TSO moves this work to the NIC hardware. Instead of the CPU creating 44 small packets, it hands the NIC one large 64 KB chunk and says “you segment this.” The NIC’s onboard silicon splits it up and sends it out. This reduces CPU overhead because the kernel only has to build one set of headers instead of 44.

And this is where the problem really exists, the I219’s segmentation hardware has a bug. Under certain conditions, the transmit descriptor ring, the queue where the CPU tells the NIC “here’s data to send”, gets permanently stuck. The head and tail pointers freeze and the NIC can never process another outgoing packet.

Generic Segmentation Offload (GSO)

GSO is the software-side cousin of TSO. It delays segmentation as long as possible within the kernel’s network stack, batching work to reduce per-packet overhead. When TSO is available, GSO hands the large frames to the NIC for hardware segmentation. When TSO is off, GSO still helps by batching the segmentation work in the kernel more efficiently than doing it packet-by-packet. Disabling GSO alongside TSO is a belt-and-suspenders measure — it ensures no large frames reach the NIC’s transmit path that might trigger the bug.

Generic Receive Offload (GRO)

GRO is the receive-side equivalent: it reassembles small incoming packets into larger buffers before handing them to the kernel, reducing per-packet processing overhead on the CPU. While GRO isn’t directly related to the transmit hang, some users report that disabling it alongside TSO/GSO provides more consistent stability with the e1000e driver.

Energy Efficient Ethernet (EEE)

EEE allows the NIC to enter low-power states during idle periods. On the I219, this can interact poorly with the transmit path — the NIC may not wake cleanly from a low-power state, contributing to hangs. Disabling it keeps the NIC fully powered at all times.

Why Disabling These Is Fine at 1 GbE

The whole point of offloading segmentation to hardware is to save CPU cycles. But at 1 Gbps, the CPU savings are trivial.

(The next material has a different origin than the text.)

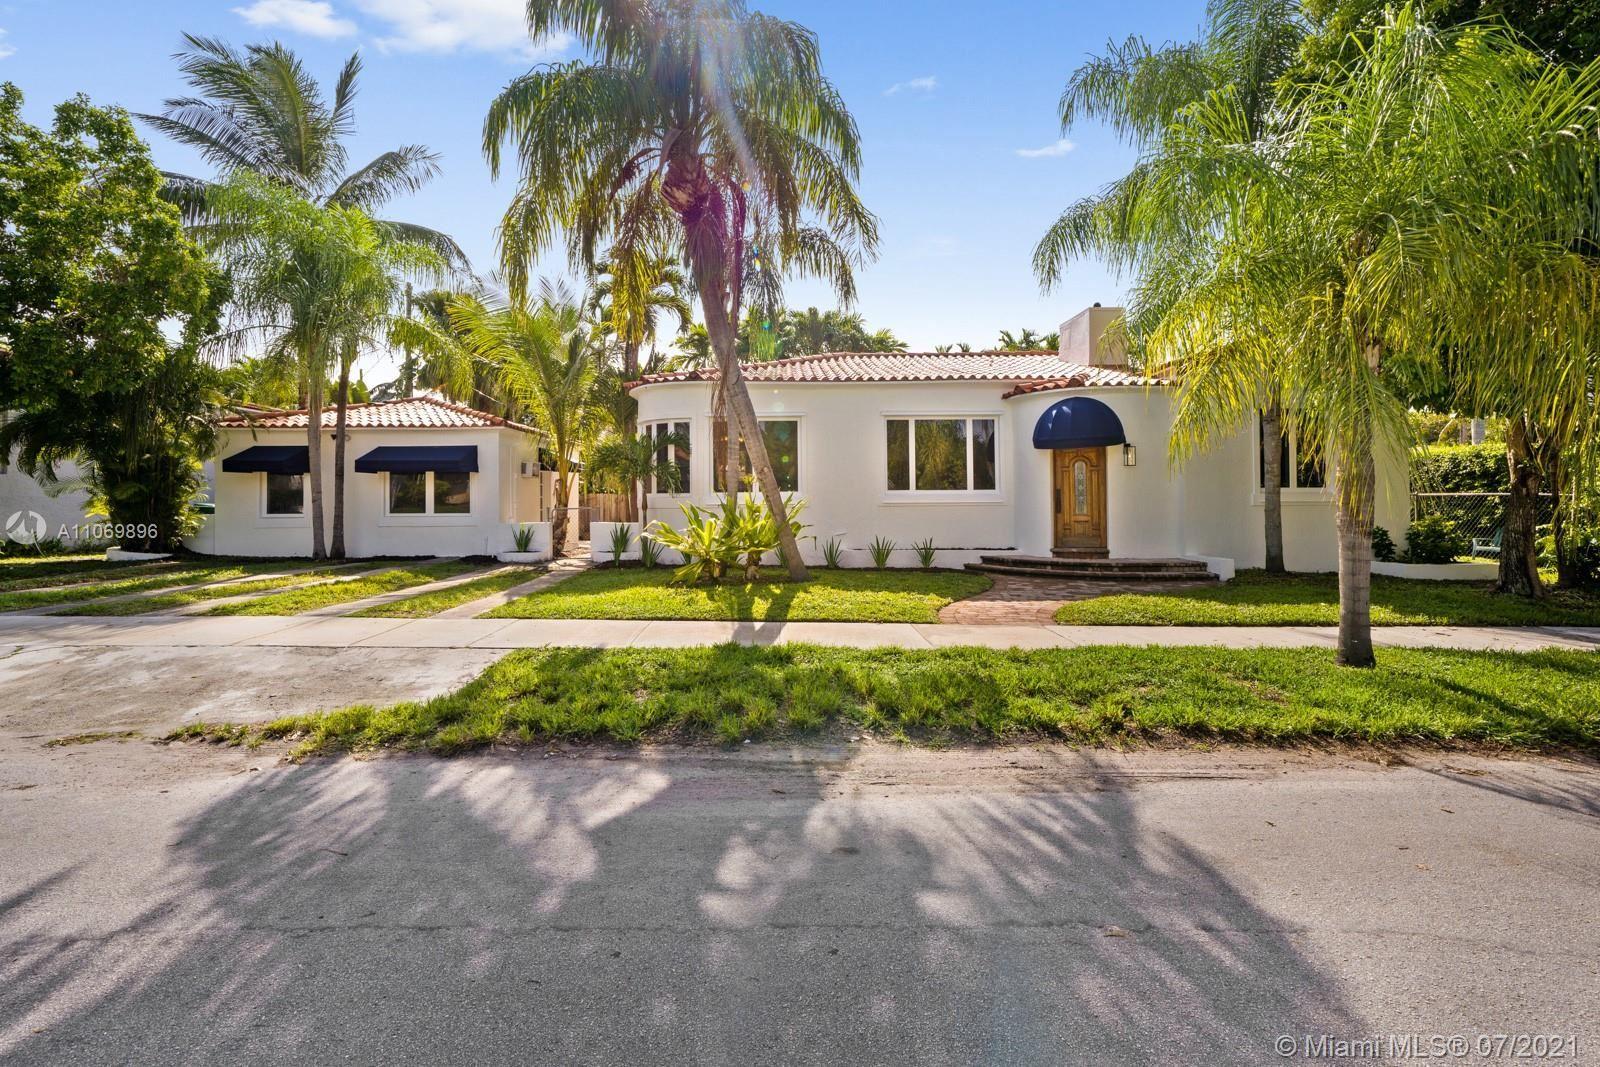 1795 SW 14th Ave, Miami, FL 33145 - #: A11069896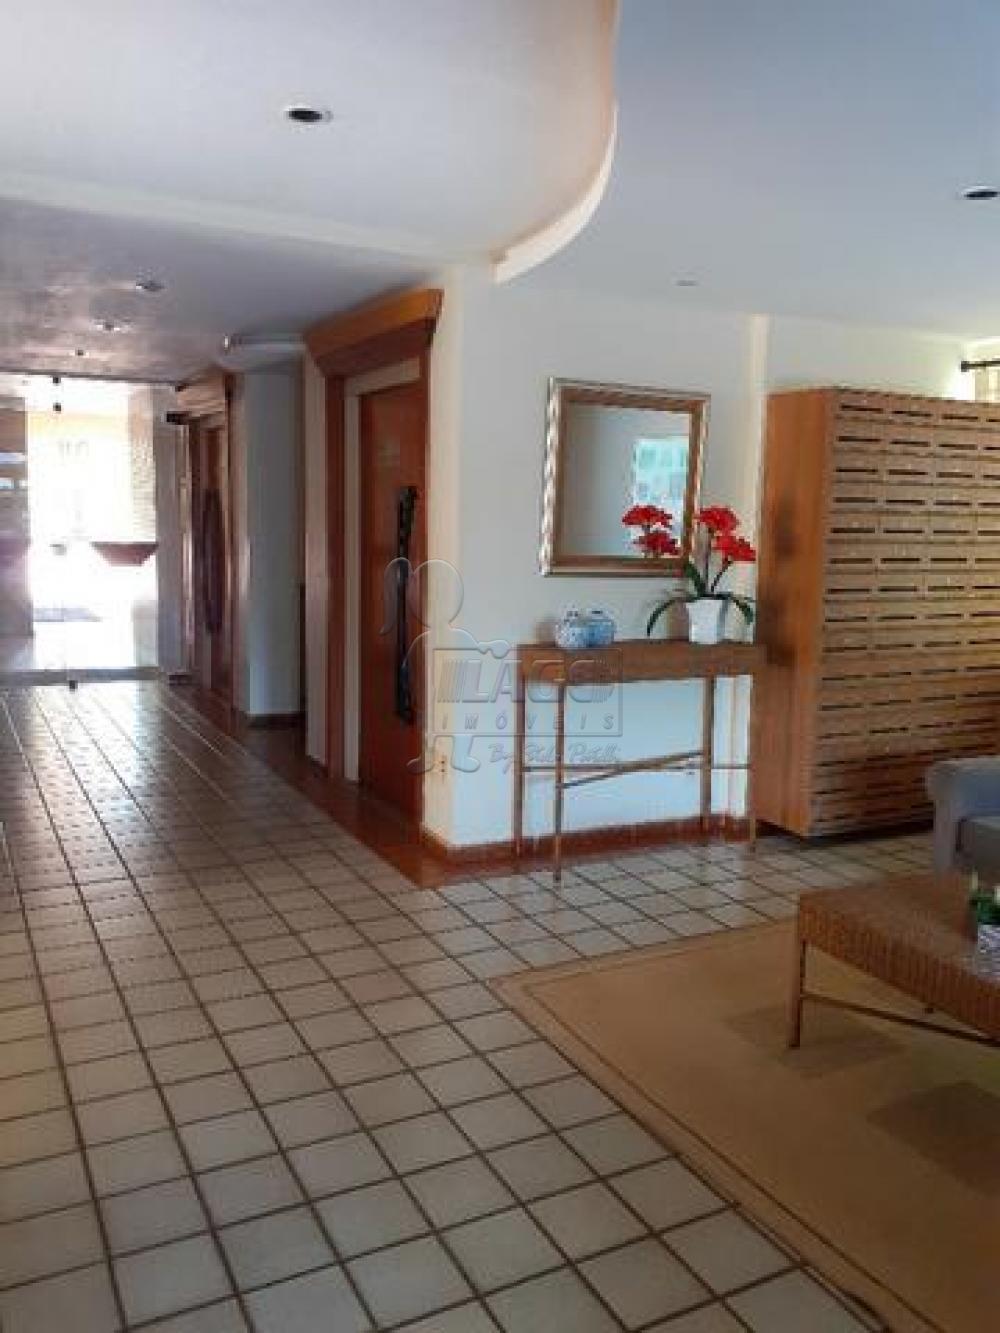 Comprar Apartamento / Padrão em Ribeirão Preto apenas R$ 320.000,00 - Foto 18

To verify this, I ran iperf3 benchmarks between pvea (Intel I219-LM) and pveb (Realtek RTL8111) — 10-second tests in each direction, with offloads on and off:

TestOffloads OFFOffloads ONDifference
TX Throughput (pvea → pveb)884.9 Mbps886.1 Mbps+1.2 Mbps (+0.1%)
TX CPU (pvea host)2.16%2.10%-0.06%
TX Retransmits00
RX Throughput (pveb → pvea)891.0 Mbps890.9 Mbps-0.1 Mbps (~0%)
RX CPU (pvea host)28.82%6.88%+21.94%

Test conditions: 10s iperf3 over WireGuard tunnel (MTU 1280), TCP/cubic, single stream. Note: running through a WireGuard tunnel means the physical NIC carries UDP-encapsulated traffic rather than raw TCP, so these results reflect the offload impact in that specific topology — not necessarily bare Ethernet.

Full test commands and raw output (click to expand)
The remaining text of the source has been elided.